▶ _EXERCISE DESCRIPTION_:
Transcribe all the entries word for word, skipping the pictures.

---------- MATERIAL SHOWN ----------

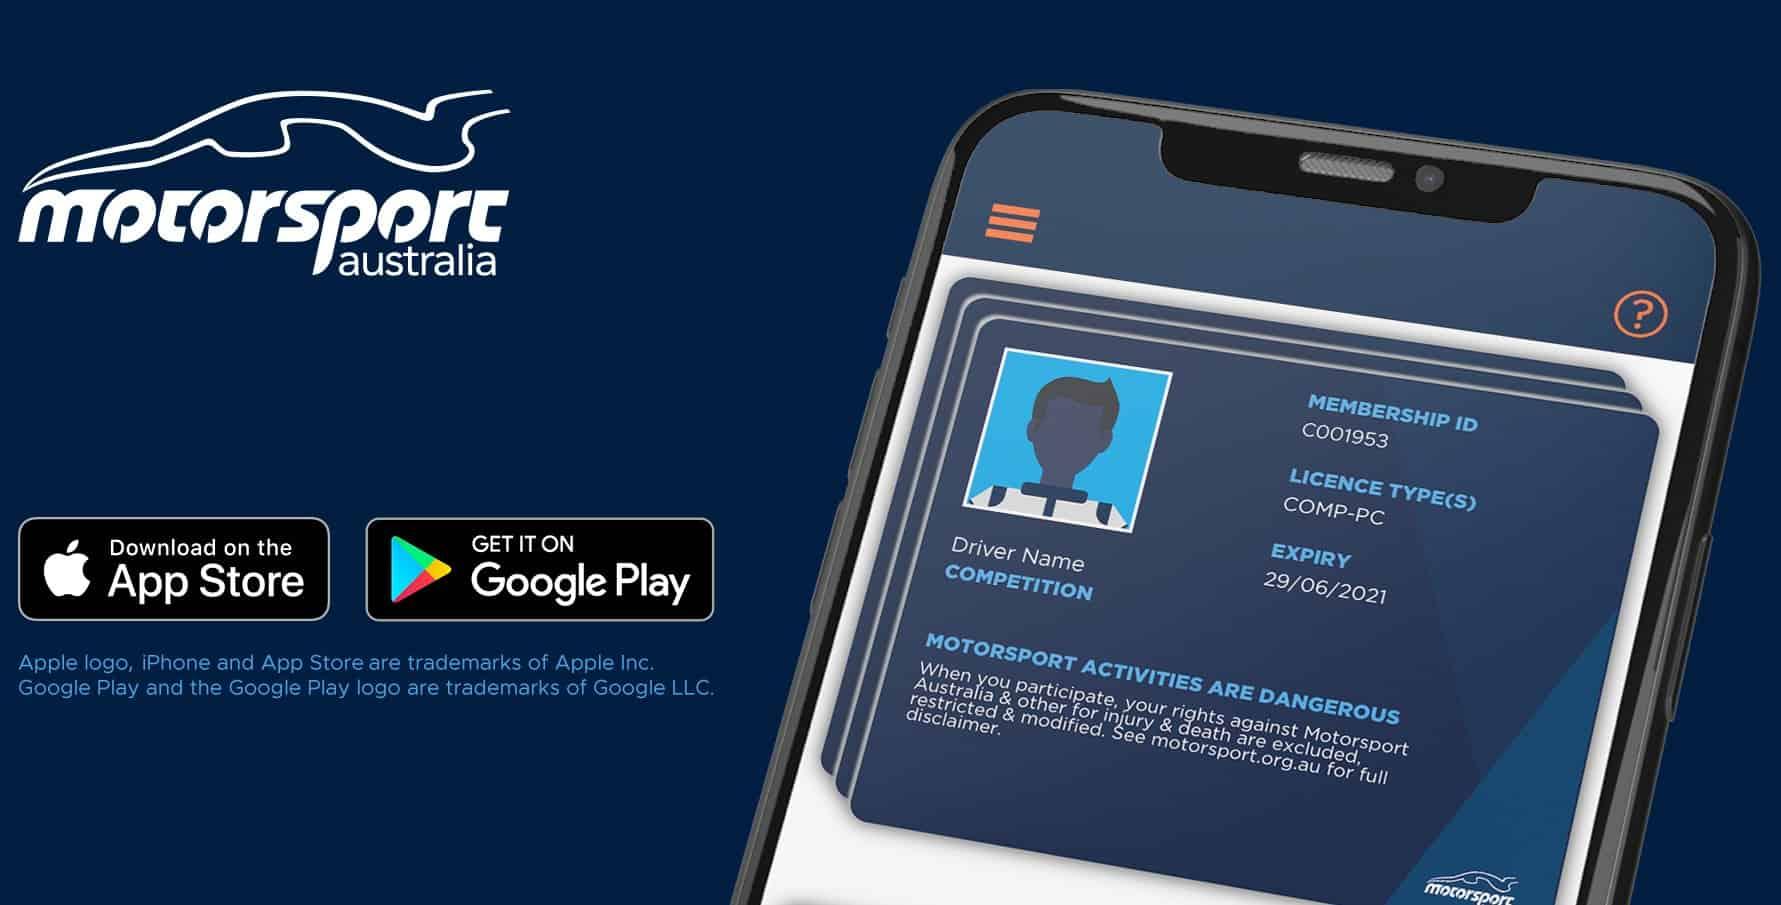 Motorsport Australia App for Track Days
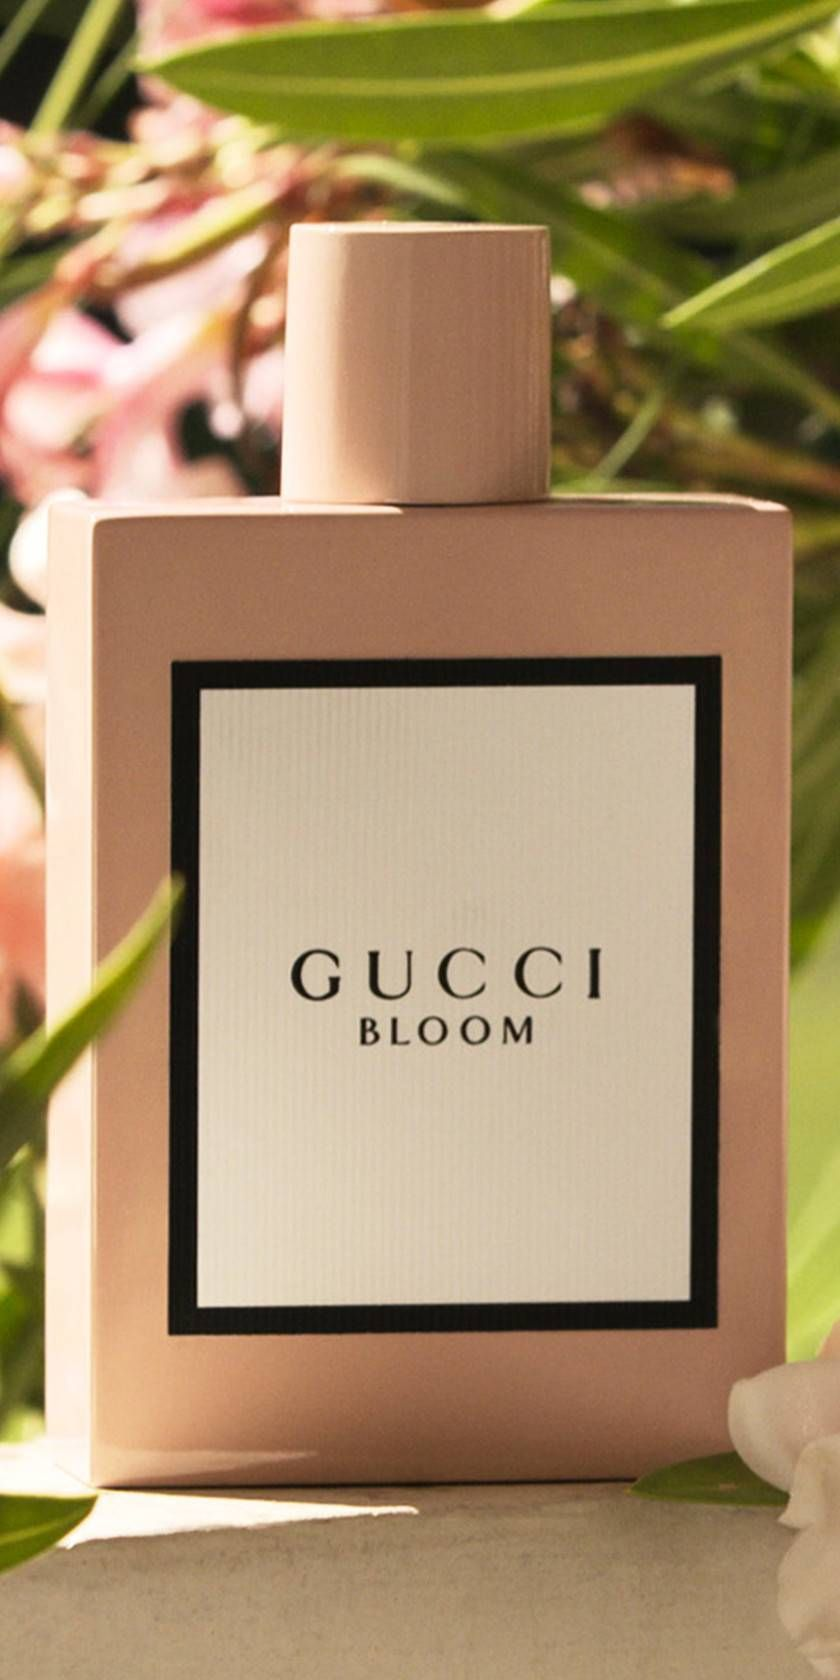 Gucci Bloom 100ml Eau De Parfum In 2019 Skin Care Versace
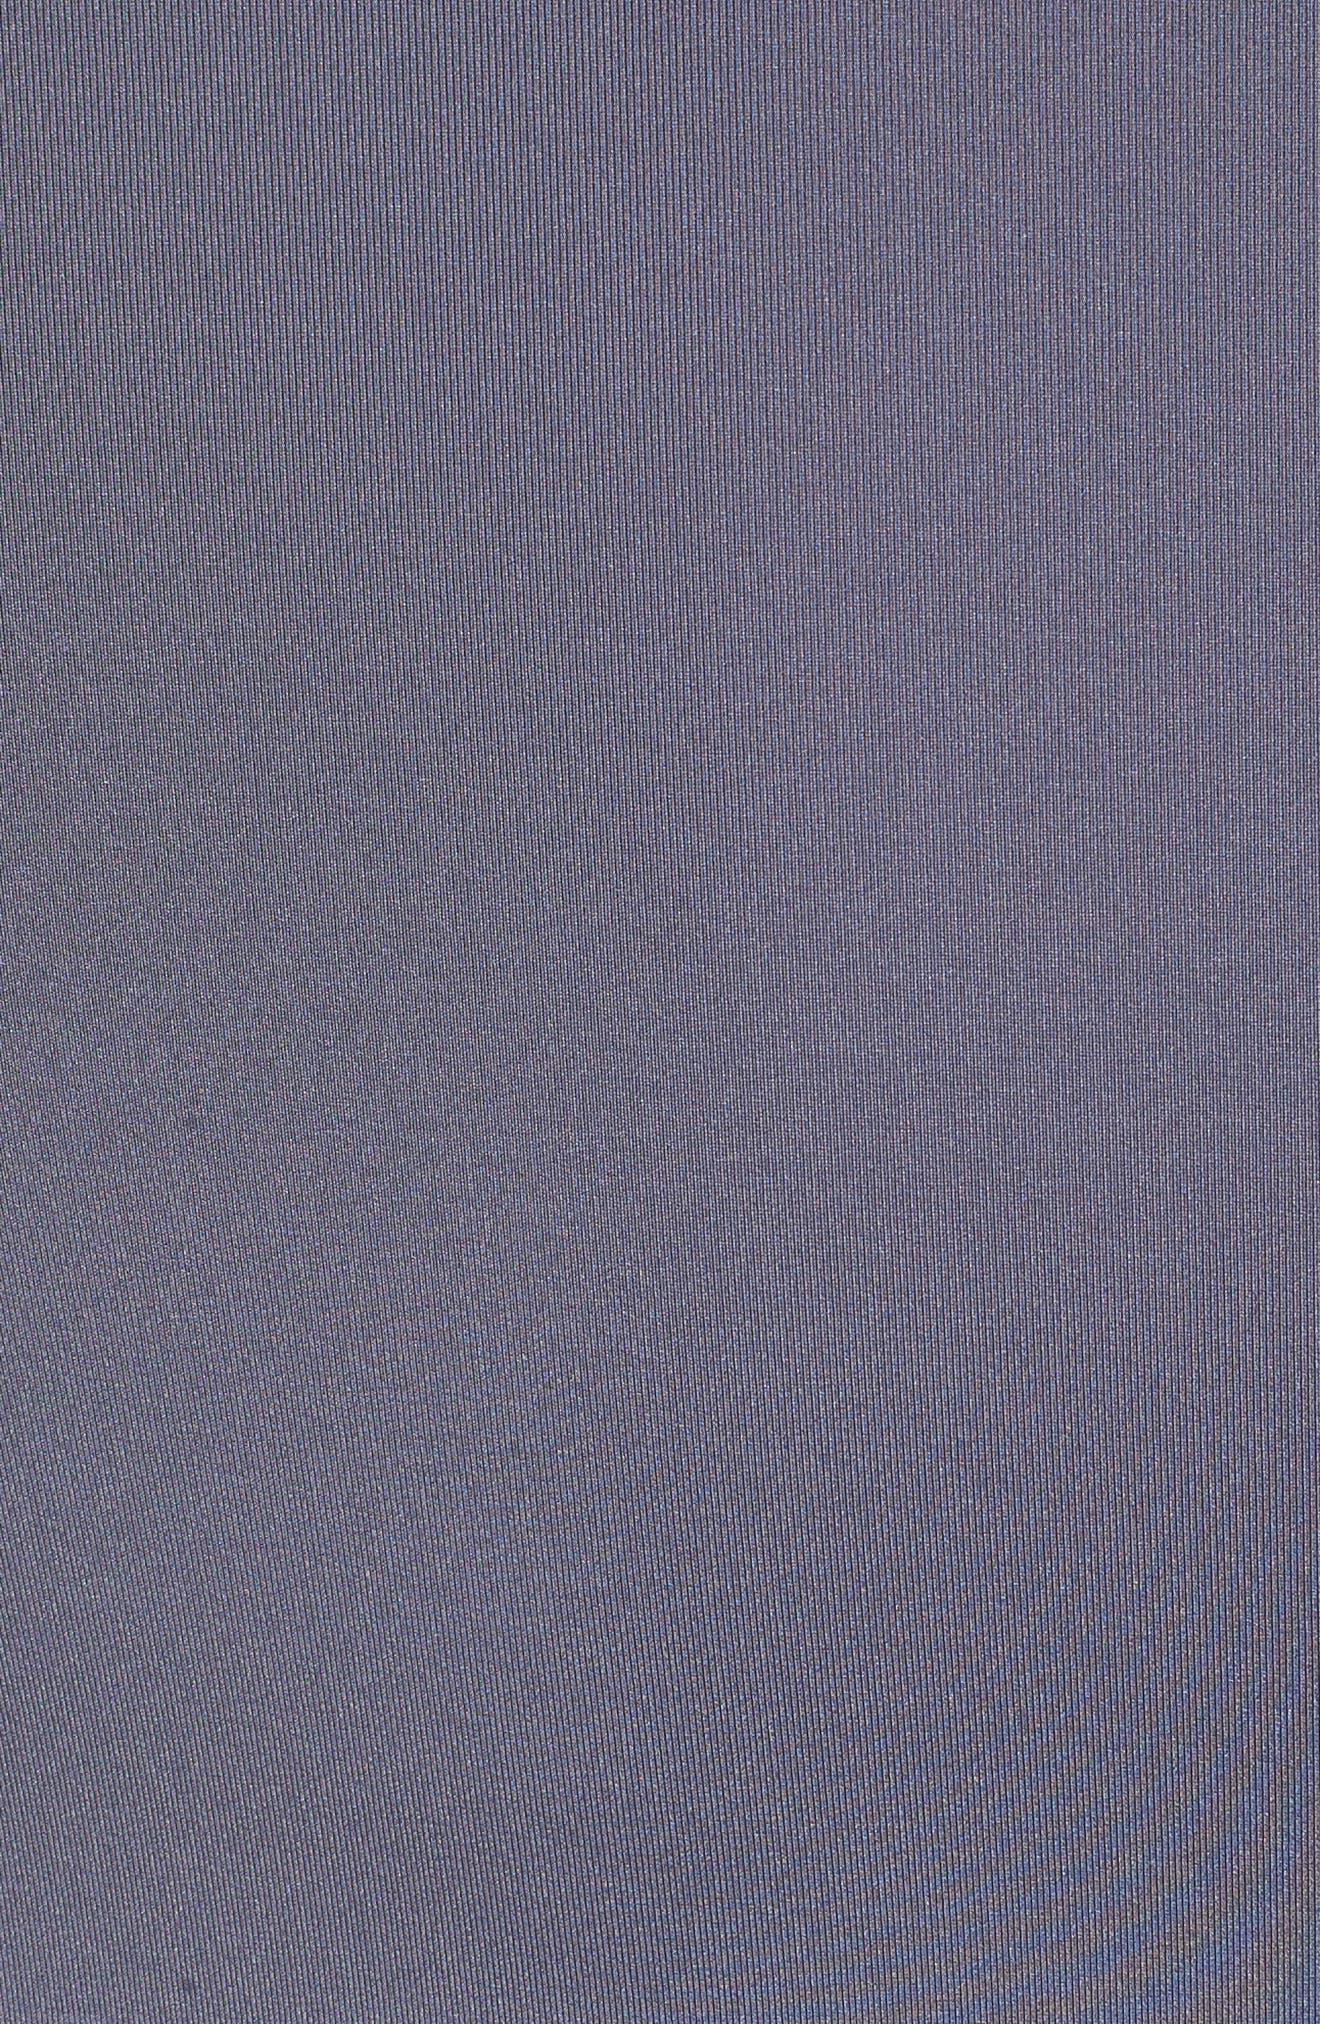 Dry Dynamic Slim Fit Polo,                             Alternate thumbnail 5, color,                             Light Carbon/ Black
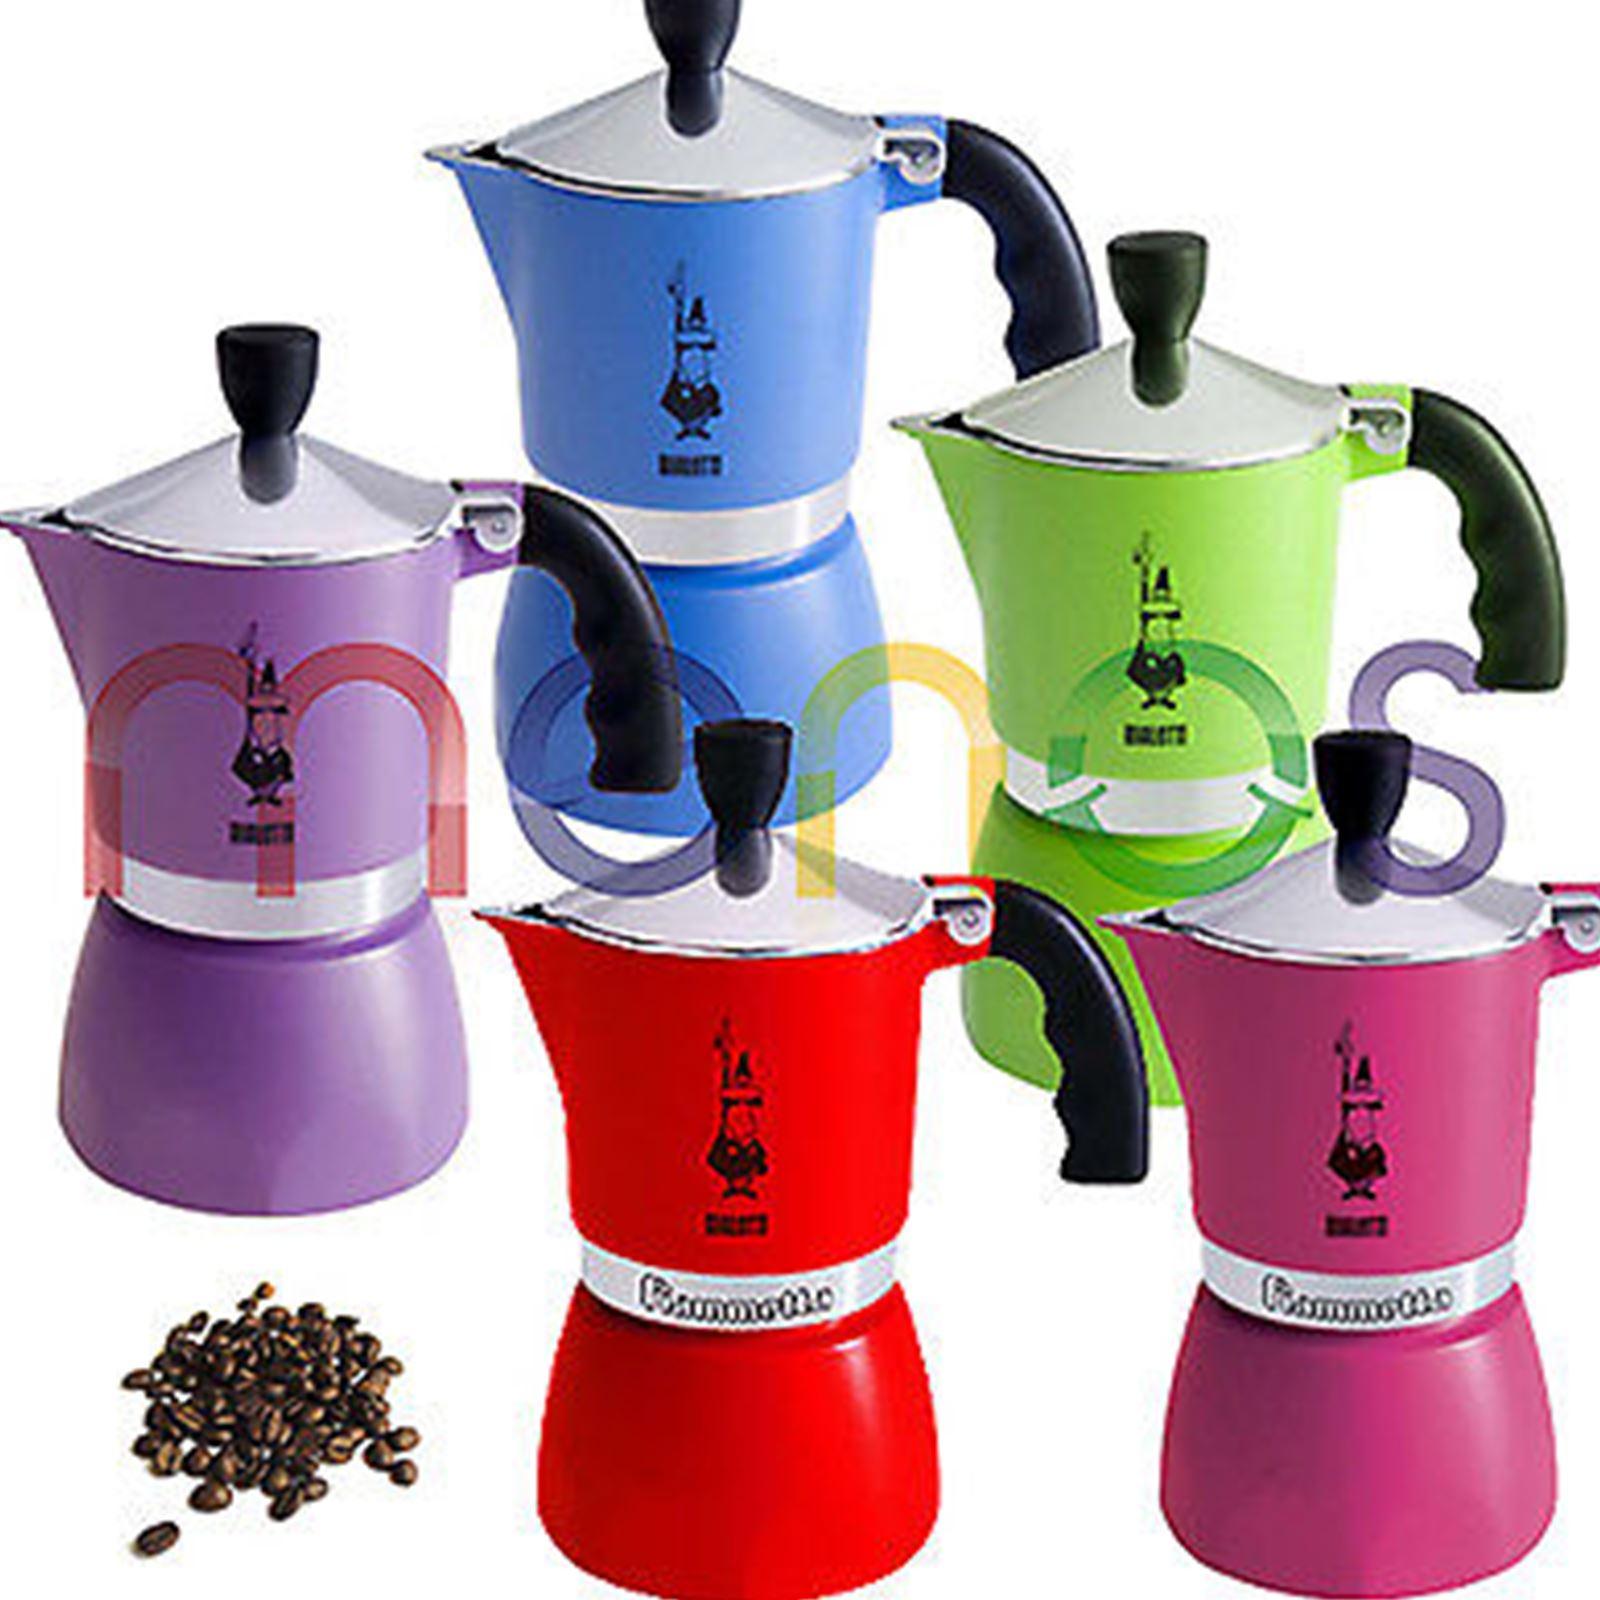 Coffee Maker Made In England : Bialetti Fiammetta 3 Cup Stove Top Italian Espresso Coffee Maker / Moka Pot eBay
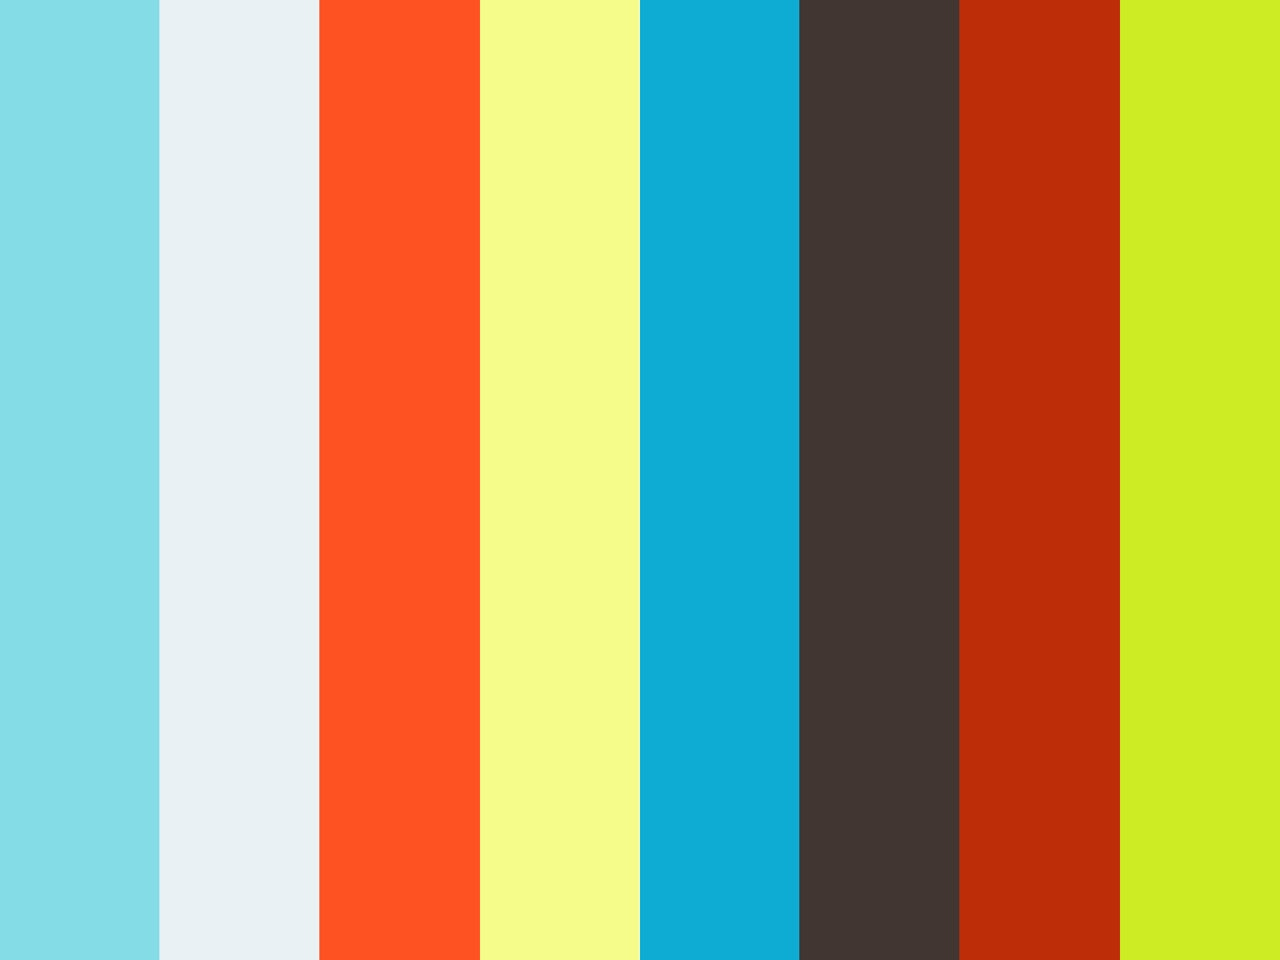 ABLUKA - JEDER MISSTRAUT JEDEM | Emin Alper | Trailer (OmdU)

----------

▶ _SOLUTION BELOW_:
 Motorsport Australia App for Track Days
 Gucci Bloom 100ml Eau De Parfum In 2019 Skin Care Versace
 Dry Dynamic Slim Fit Polo,                             Alternate thumbnail 5, color,                             Light Carbon/ Black
 Coffee Maker Made In England : Bialetti Fiammetta 3 Cup Stove Top Italian Espresso Coffee Maker / Moka Pot eBay
 ABLUKA - JEDER MISSTRAUT JEDEM | Emin Alper | Trailer (OmdU)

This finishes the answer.